Kupang (AntaraNews NTT) - Montara Task Force atau Satuan Tugas Montara adalah suatu lembaga yang dibentuk Menteri Koordinator Kemaritiman Luhut Binsar Pandjaitan untuk mengambilalih kasus pencemaran minyak di Laut Timor yang terjadi pada 21 Agustus 2009.
Satgas Montara yang dibentuk pada 13 Agustus 2017 itu bertugas memonitor, mencermati, dan berdialog dengan semua pihak untuk menyelesaikan kasus tumpahan minyak di Laut Timor secara menyeluruh dan tuntas.
Ketua Tim Advokasi Rakyat Korban Montara Ferdi Tanoni mengatakan sikap tegas Menko Kemaritiman Luhut Binsar Pandjaitan dengan membentuk Montara Task Force itu untuk mendorong Australia agar bisa bekerja sama dalam mencari solusi penyelesaian kasus Montara.
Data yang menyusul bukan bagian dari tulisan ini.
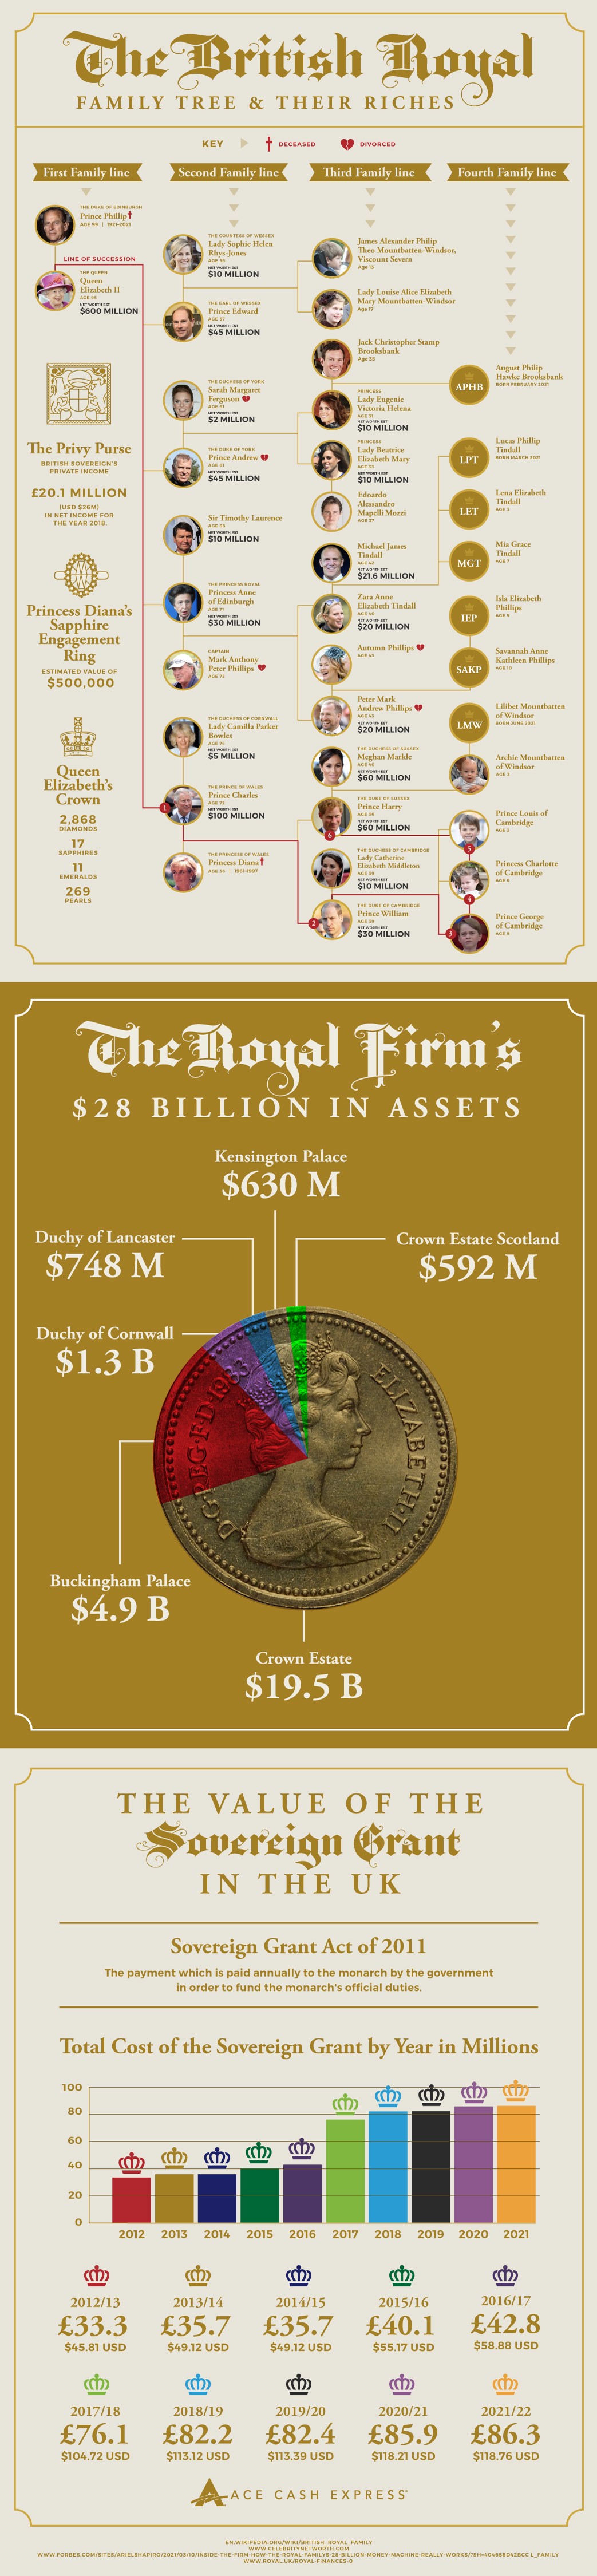 The British Royal Family Tree & Their Riches Infographic
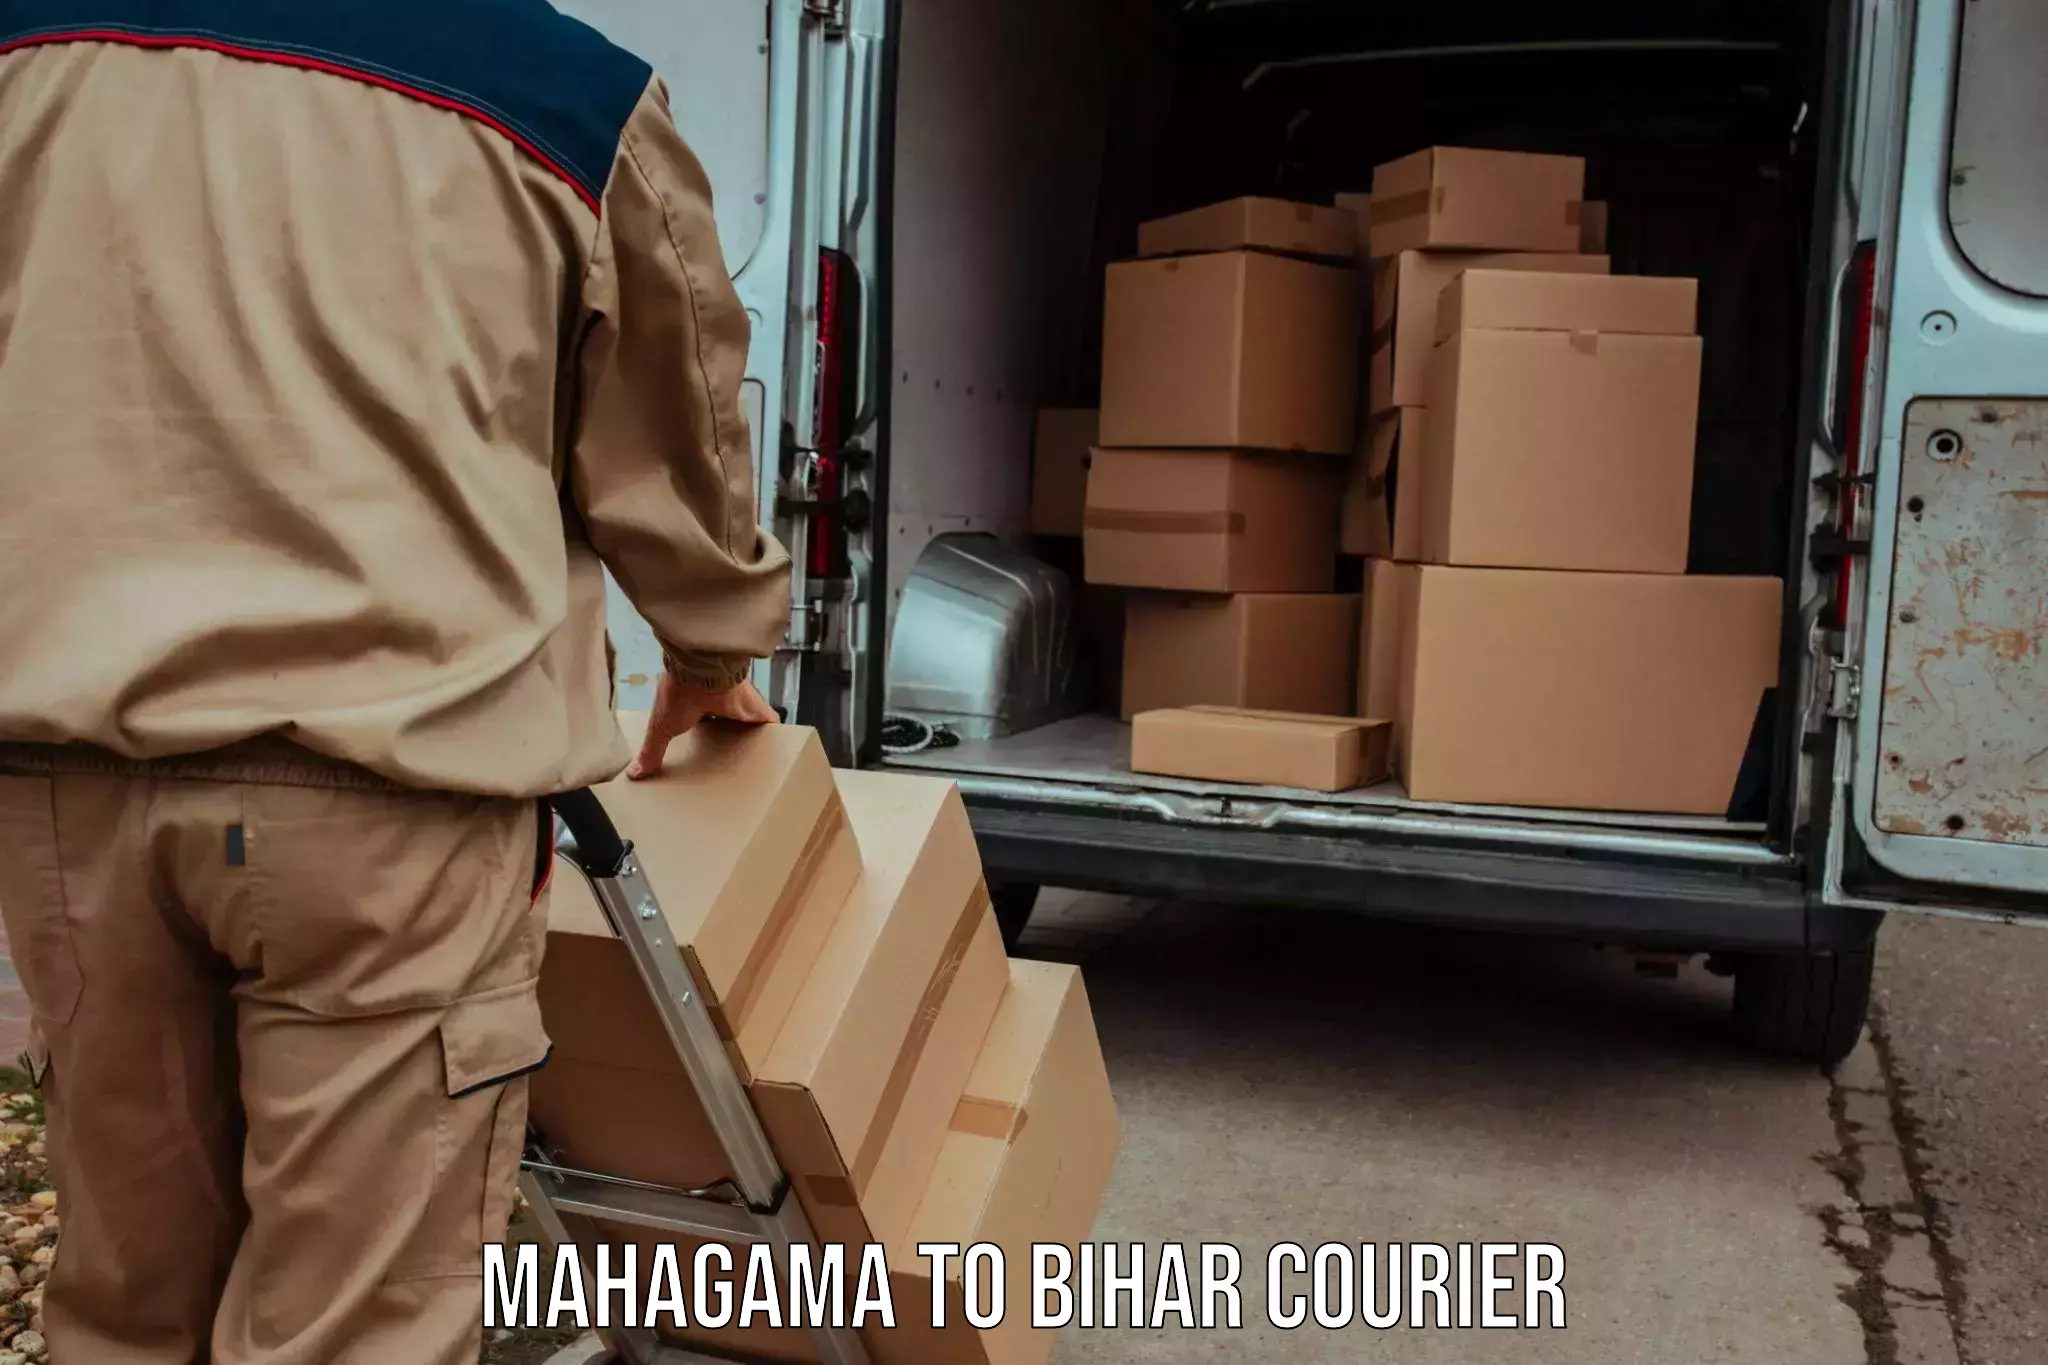 Next-day delivery options Mahagama to Bihar

Lembaga yang dibentuk ini merupakan representasi dari pemerintah dan rakyat korban Montara di Nusa Tenggara Timur agar kasus pencemaran yang sudah berjalan hampir sembilan tahun lamanya itu segera diselesaikan.
Menteri Luar Negeri Australia Julie Isabel Bishop telah memberikan respons yang positif terhadap permintaan Menko Luhut Pandjaitan, dan memberikan tanggapan positif terhadap permintaan rakyat korban melalui sebuah surat tertanggal 7 Pebruari 2018.
Menko Kemaritiman Luhut Binsar Pandjaitan (ANTARA Foto)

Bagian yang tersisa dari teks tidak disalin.